Early evidence indicates that internalizing and externalizing problems may be an enduring issue for children and youth during the pandemic. Increases in internalizing and externalizing symptoms from pre-pandemic to the initial lockdown period were found in Canada and the United Kingdom (Bignardi et al., 2021; Khoury et al., 2021). In a cohort of Norwegian children, an overall increase in mental health issues were reported during the early stages of the pandemic to 9 months after the initial outbreak, with internalizing symptoms accounting for the most increases (Lehmann et al., 2022). Factors such as parent stress, intra-family dysregulation, and screen time contributed to increases in children’s mental health problems (Khoury et al., 2021; Li & Zhou, 2021; Oliveira et al., 2021).

Excessive screen time use appears to have an adverse influence on children’s mental health outcomes (McArthur et al., 2022; Tamana et al., 2019; Tandon et al., 2021). In a large longitudinal study of brain development and child wellbeing in the United States (ABCD study; https://abcdstudy.org) increased screen time was associated with impaired social skills (Jericho & Elliott, 2020; Paulus et al., 2019), depression and anxiety (Fors & Barch, 2019), behavioural and social issues (Guerrero et al., 2019), and reduced sleep duration, fatigue, and insomnia in children (Hisler et al., 2020). Screen time was associated with a dose-dependent increase in depression risk in children (Liu et al., 2016). Youth reporting over 4 hours of passive screen time per day were significantly more likely to meet the criteria for major depressive episode, social phobia, and generalized anxiety disorder (Kim et al., 2020). By contrast, a systematic review (n = 159, 425) on children’s screen time behaviours found that screen time was weakly associated with externalizing and internalizing problems (Eirich et al., 2022). Age-related factors appear to influence the strength and direction of the association (Neville et al., 2021).

Adverse mental health outcomes associated with unregulated screen time is an emergent concern amid the ongoing pandemic. Cross sectional evidence from early stages of the pandemic demonstrates associations between excessive screen time and increased incidence of total mental health difficulties in children and youth, with sleep duration, physical activity and sedentary behaviour mediating these relationships (Olive et al., 2022; Tandon et al., 2021). In a cohort of 2026 Ontario children, more digital media and TV consumption was associated with conduct and hyperactivity/inattention problems in children under the age of 4 and internalizing problems in older children (Li et al., 2021).

Parent mental health, parenting strategies, and involvement with children’s academic and recreational activities may mediate mental health problems and excessive screen time use in children (Arundell et al., 2020; Barroso et al., 2018; Kochanova et al., 2022; Seguin et al., 2021; Tang et al., 2018). For example, under-resourced parents tend to perceive screen time as an effective tool to modify problem behaviour (Nikken, 2019). Greater maternal stress is associated with less screen-time monitoring/limit setting in children, while greater paternal stress is positively associated with limit setting (Tang et al., 2018).

The pandemic has contributed to heightened perceived stress among parents with school aged children (Adams et al., 2020; Calvano et al., 2021; Orgilés et al., 2020; Seguin et al., 2021), which may put children at risk for greater screen time use and mental health problems in the future (Hartshorne et al., 2020; Li & Zhou, 2021). For example, greater parent anxiety during the initial COVID-19 outbreak was a significant predictor of children’s internalizing and externalizing behaviours (Li & Zhou, 2021). In addition, over-reactive, inconsistent, and authoritarian parenting practices contributed to higher screen time use in children (Eyimaya & Irmak, 2021; Oliveira et al., 2021).
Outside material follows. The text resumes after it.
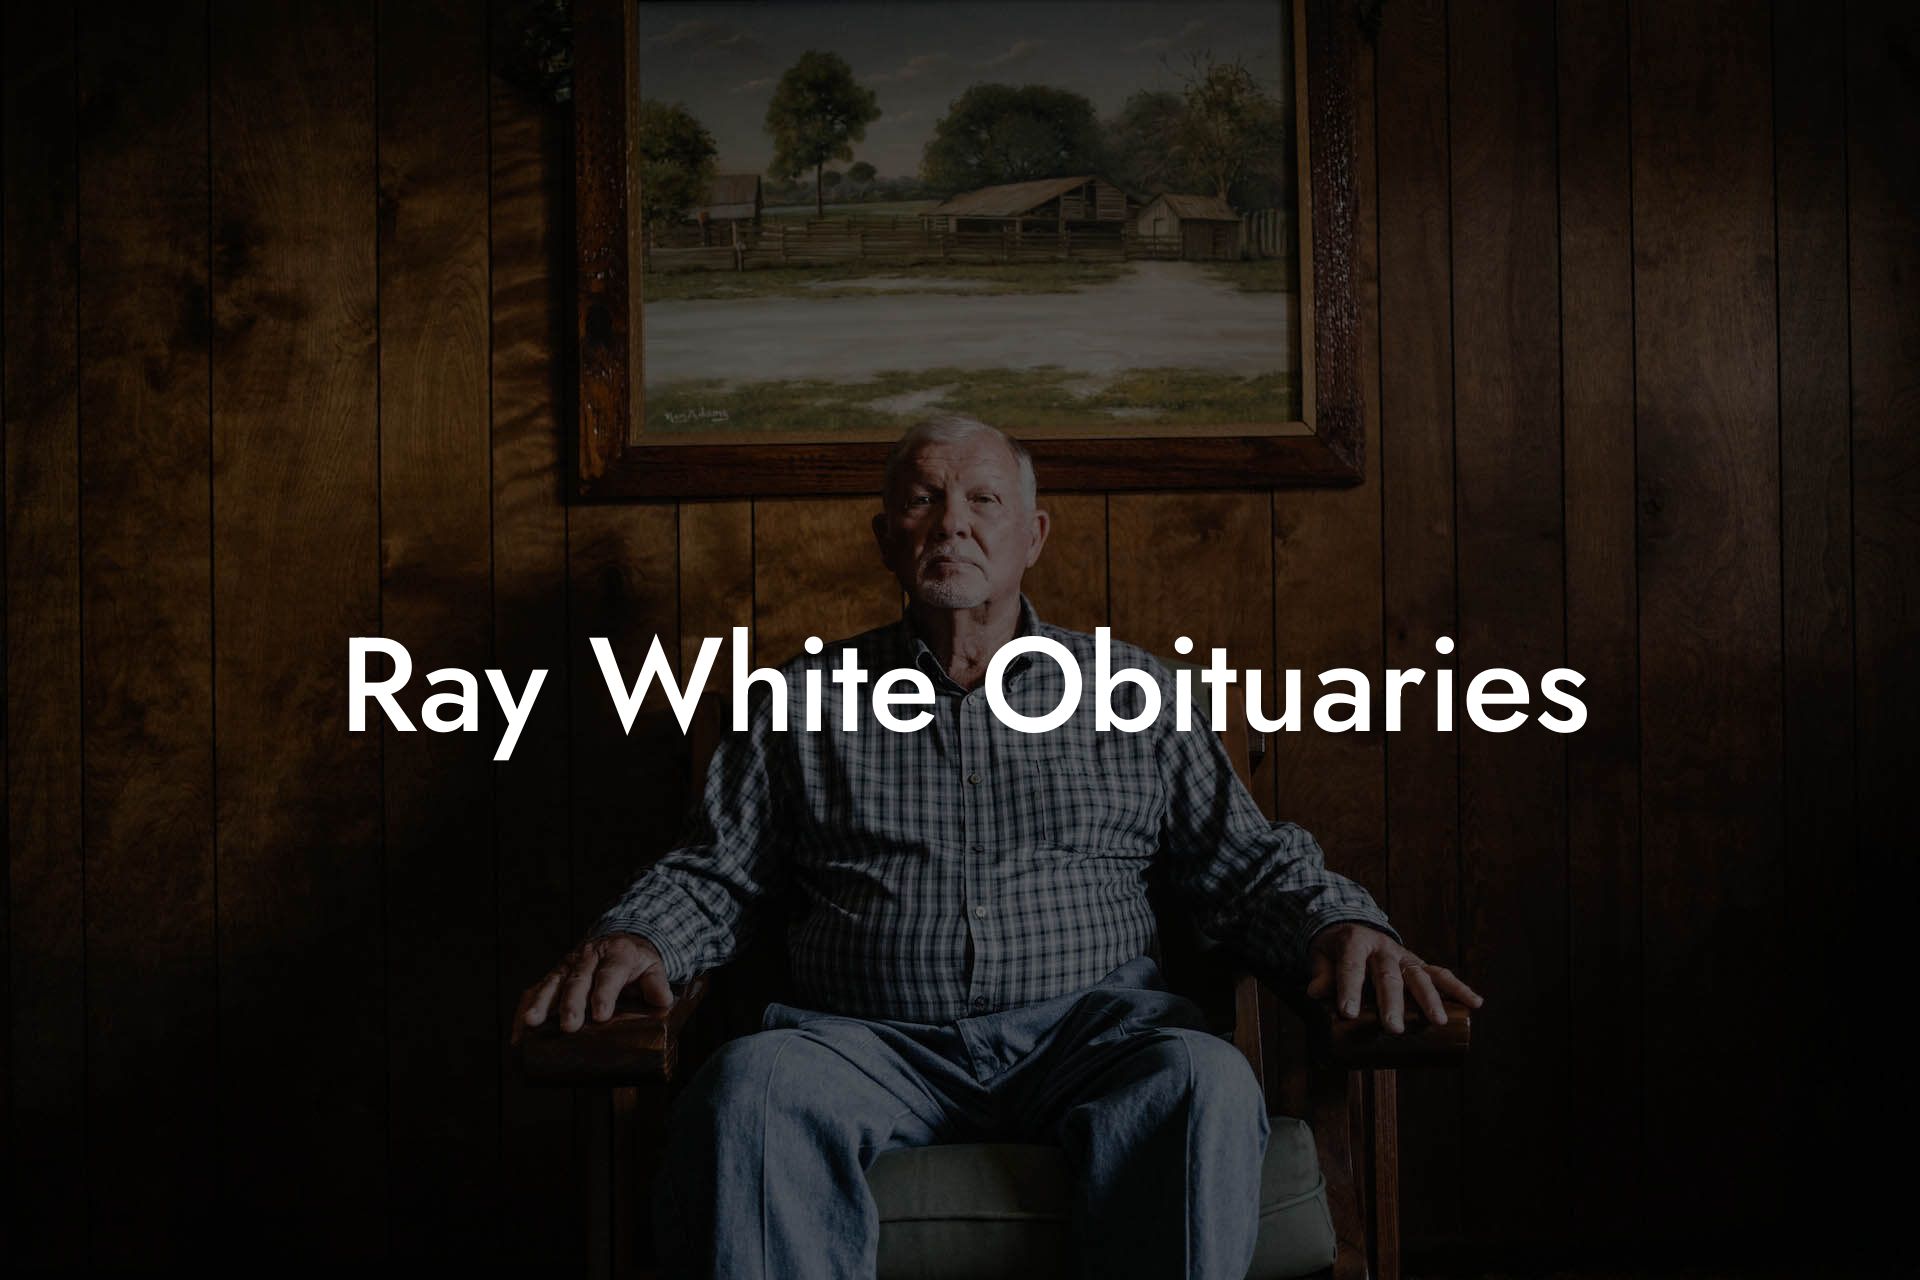 Ray White Obituaries

While studies point to the separate negative influences of screen time and parent stress on children’s mental health outcomes, few studies have addressed these concerns longitudinally. The influence of parental stress and parenting strategies has been identified as important mediating factors. It is essential to identify the factors that promote or impede childhood development, and to devise early intervention strategies to support parents and children during periods of school closures.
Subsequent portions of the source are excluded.